Before testing drugs, there is a process that is followed to protect people from releasing medications without full knowledge of how they work or about long-term side effects. The United States has a very rigorous process. This ensures the safety of our population. Many other countries follow the same process to keep their populations safe as well. This is a brief summary of how the scientific process works. The normal print represents the usual process. Italicized print explains how the process has been adapted for the urgency of the COVID-19 pandemic.
Thinking about a new drug
When a scientist or researcher has a thought about a problem, they carefully study the physiology of the issue or how our bodies react to illness. Then they intently study what has been previously achieved. This is to avoid repeating work as well as to see what has been accomplished to date. Sometimes, a new product does not work but the delivery method might not be up to date or perhaps new science has been discovered to enhance previously accomplished work. Even failed studies are important to understand why something did not work so as not to repeat it.
For coronavirus (COVID-19), some scientist will begin with the above step. Since this is a brand-new virus, they will need to see if there is anything similar and gather information about how this specific virus affects the body. This work is underway. There are several drugs that have been developed for other viruses that are being re-examined or re-formulated for treatment of COVID-19, around the world.
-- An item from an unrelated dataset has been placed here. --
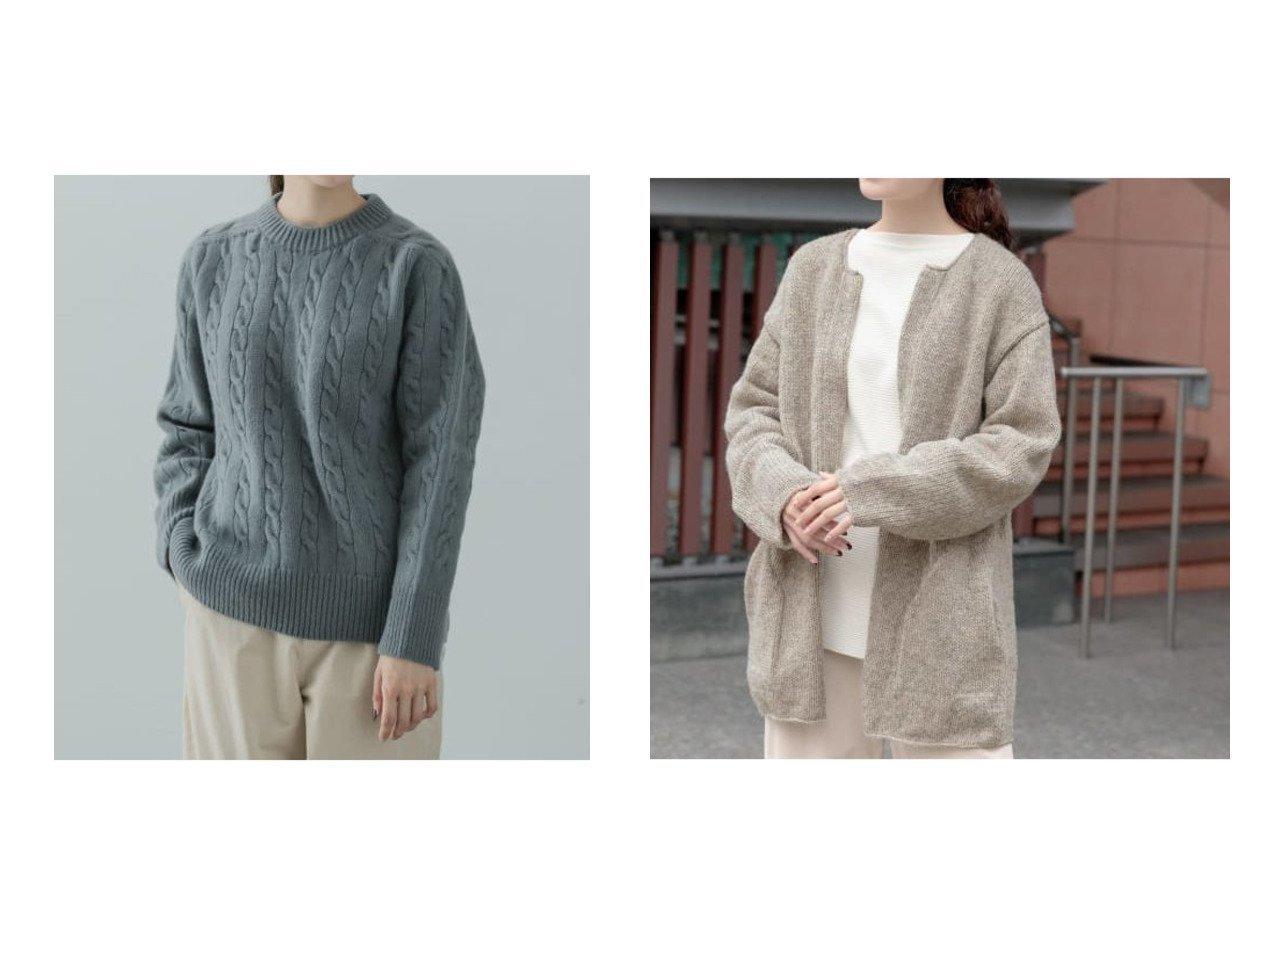 【kagure/かぐれ】のペルーニットロングカーディガン&【別注】Island Tides Cable knit PullOver トップス・カットソーのおすすめ!人気、レディースファッションの通販 おすすめで人気のファッション通販商品 インテリア・家具・キッズファッション・メンズファッション・レディースファッション・服の通販 founy(ファニー) https://founy.com/ ファッション Fashion レディース WOMEN トップス Tops Tshirt ニット Knit Tops プルオーバー Pullover カーディガン Cardigans スカーフ スタンダード セーター デニム プリーツ ポケット 別注 ミックス カーディガン 人気 ロング ワイド |ID:crp329100000001979

When there is an understanding of the problem, scientific researchers begin to seek solutions. They will develop ideas from their education, internships in laboratories and their own study. Usually, scientist choose a specialty and stick with it building on their past work and the work of others. The building concept enables more discoveries to be built on previous work.
As a result of dedicated scientists, the treatment for COVID-19 is not starting from nothing. Many individuals have been studying infectious diseases. There is an excellent foundation for starting to find treatments for COVID-19.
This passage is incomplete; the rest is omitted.